▸ **Exercise instructions**: The answer is an exact copy of the lines from the one with "Apple更新:接入Shar" to the end of the listing below, pictures left out.

▸ **Dataset excerpt**:
--*--

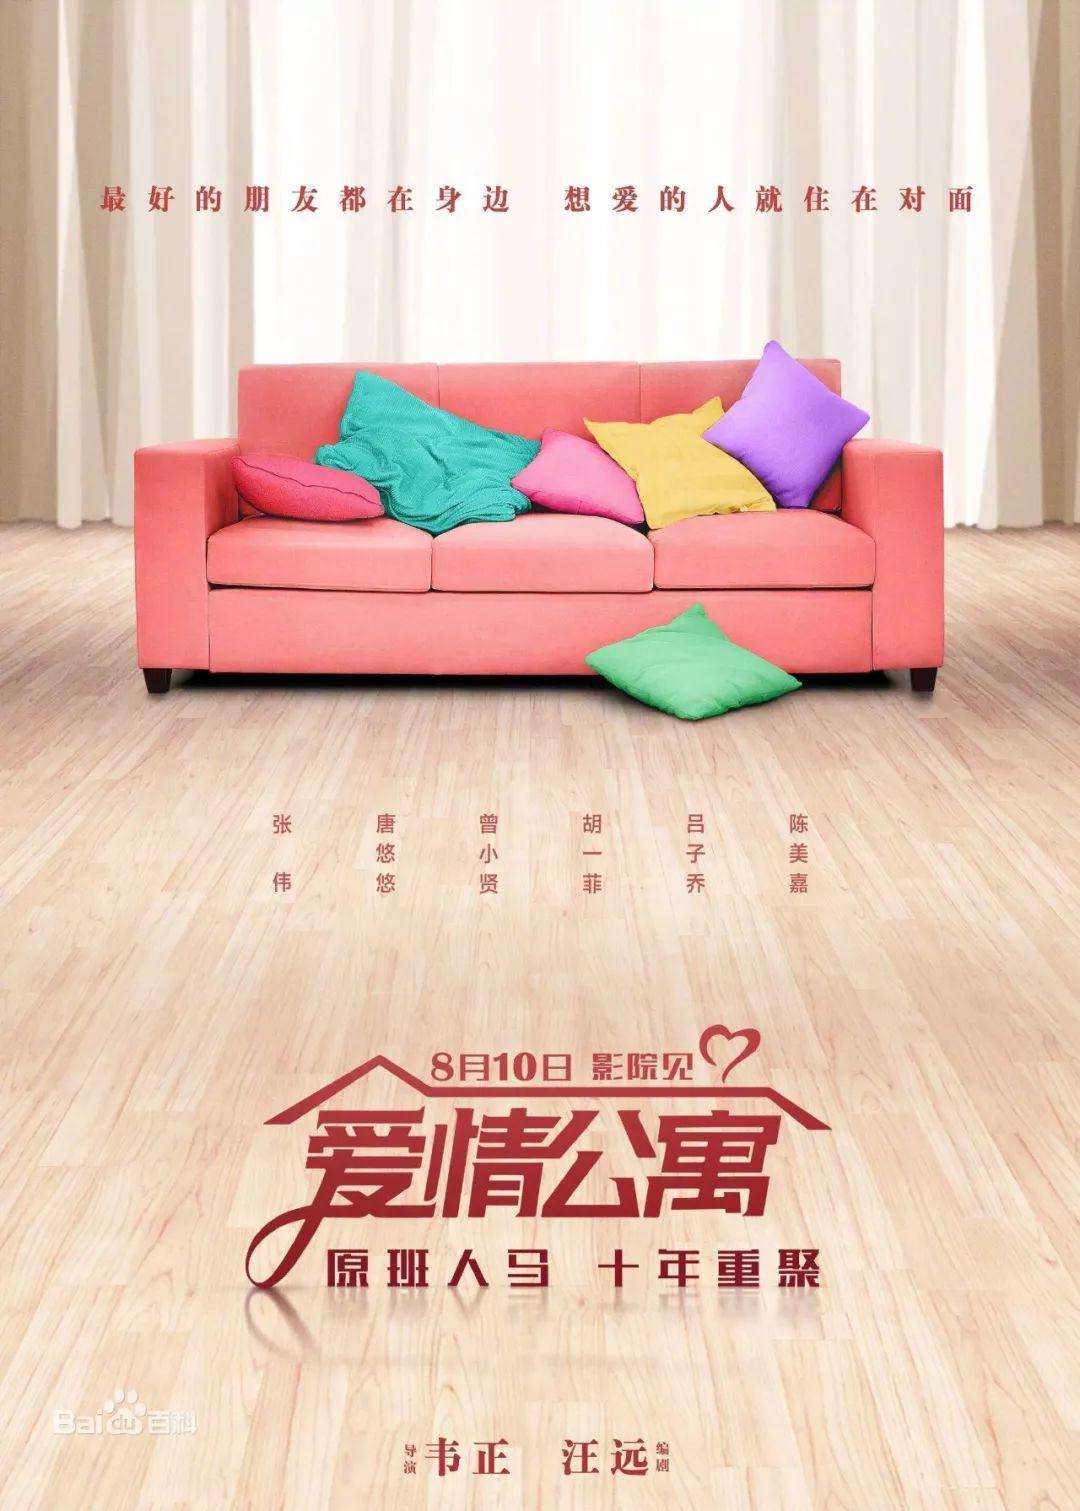 电影《爱情公寓》上映前日被起诉侵权
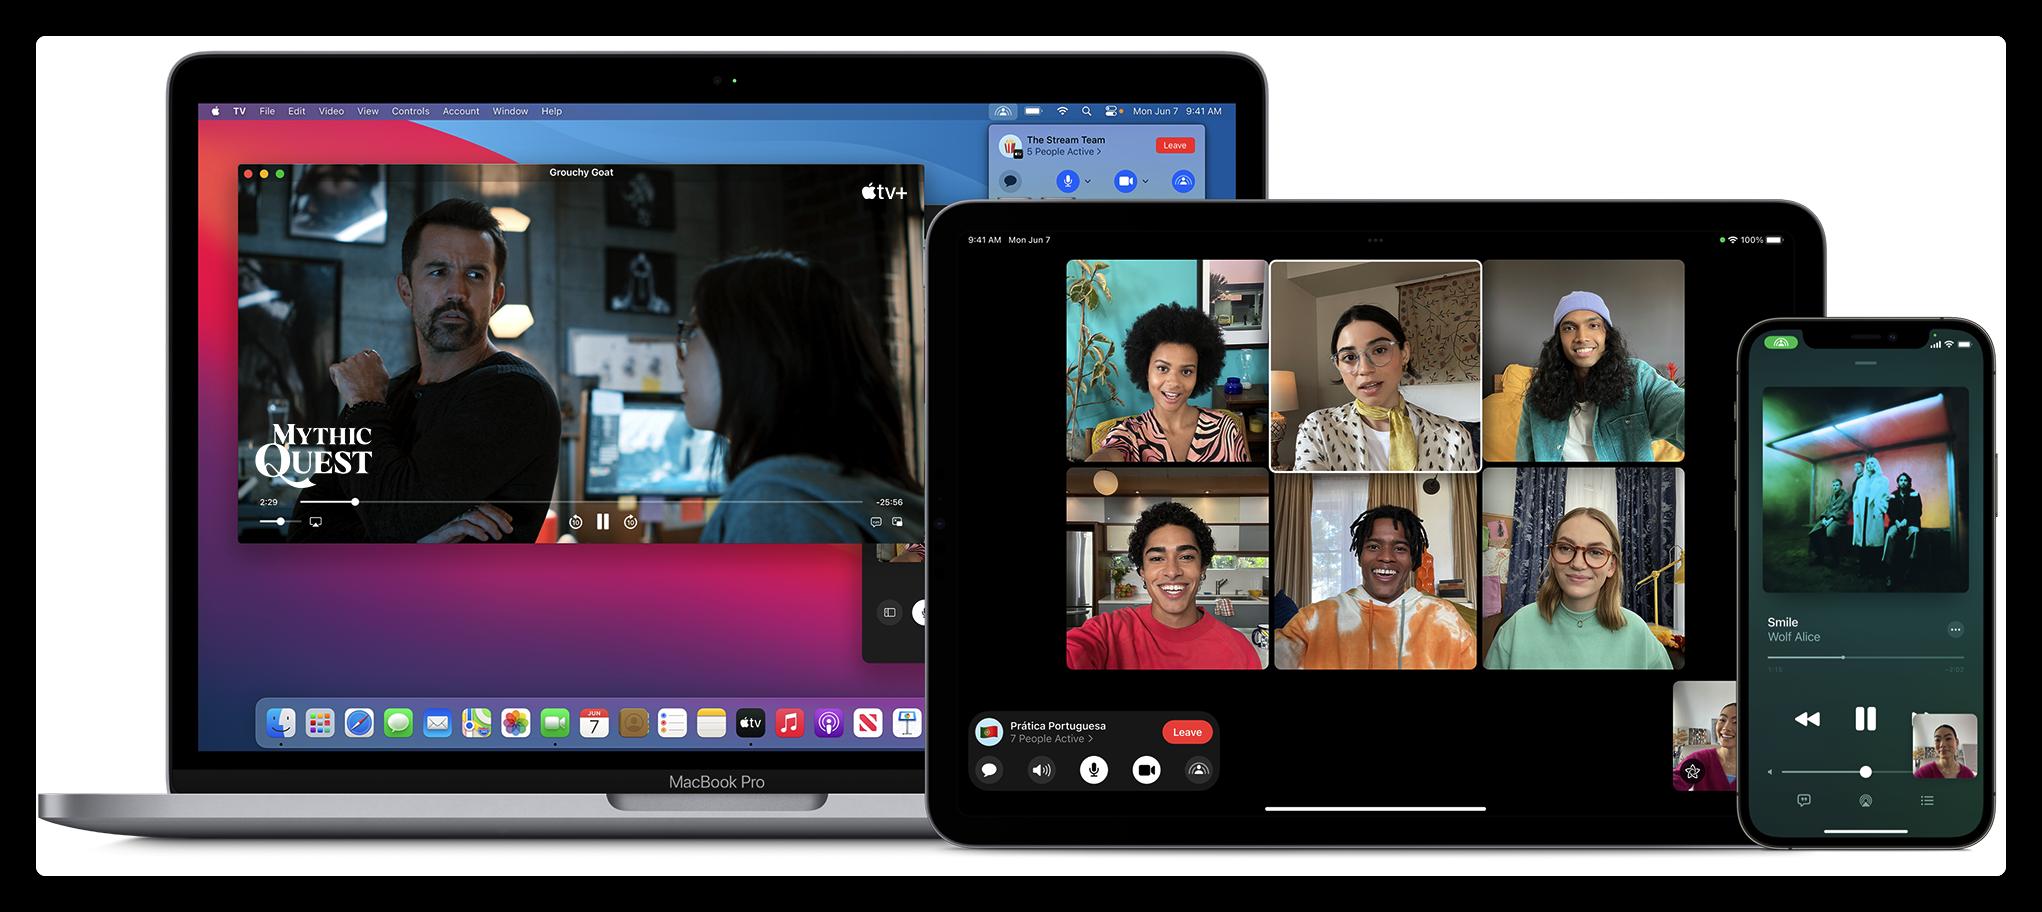 Apple更新:接入SharePlay 在FaceTime通话时共享此应用,如一起视频且观看电影?
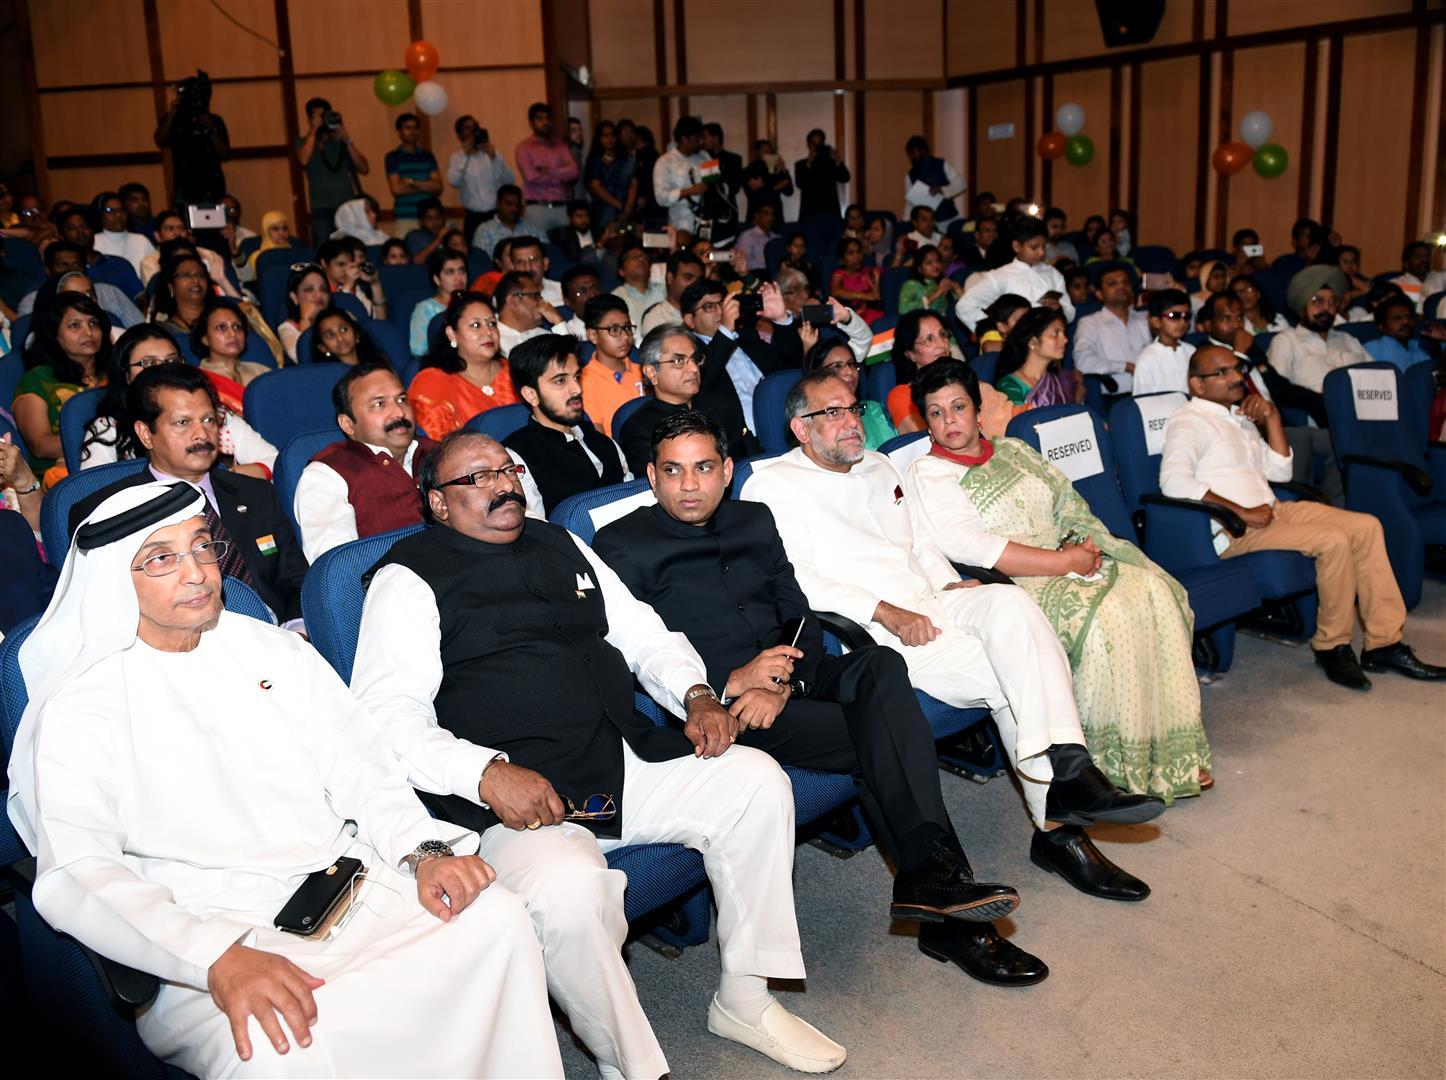 إحتفالات السفارة الهنديه بأبوظبي 15-8-2017 DSC_1129.JPG 5 /Large/
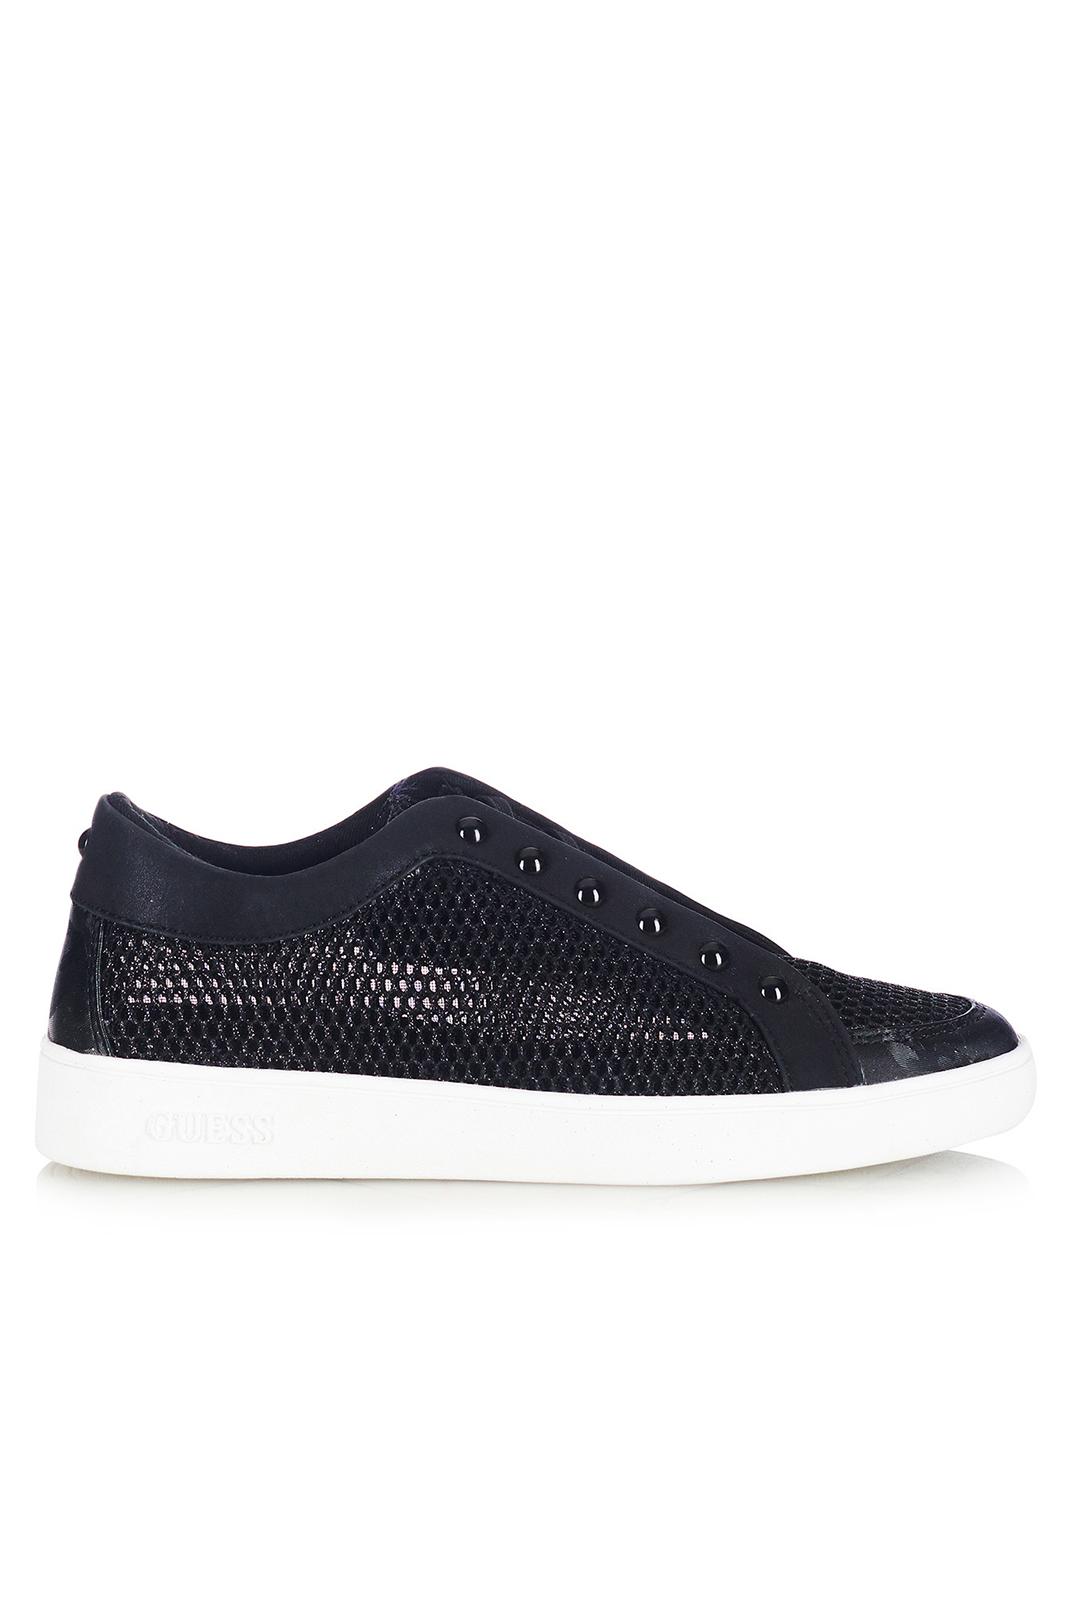 Baskets / Sneakers  Guess jeans FLIEA1 FAM12 BLACK

--*--

▸ **Task result**:
 Apple更新:接入SharePlay 在FaceTime通话时共享此应用,如一起视频且观看电影?
 إحتفالات السفارة الهنديه بأبوظبي 15-8-2017 DSC_1129.JPG 5 /Large/
 Baskets / Sneakers  Guess jeans FLIEA1 FAM12 BLACK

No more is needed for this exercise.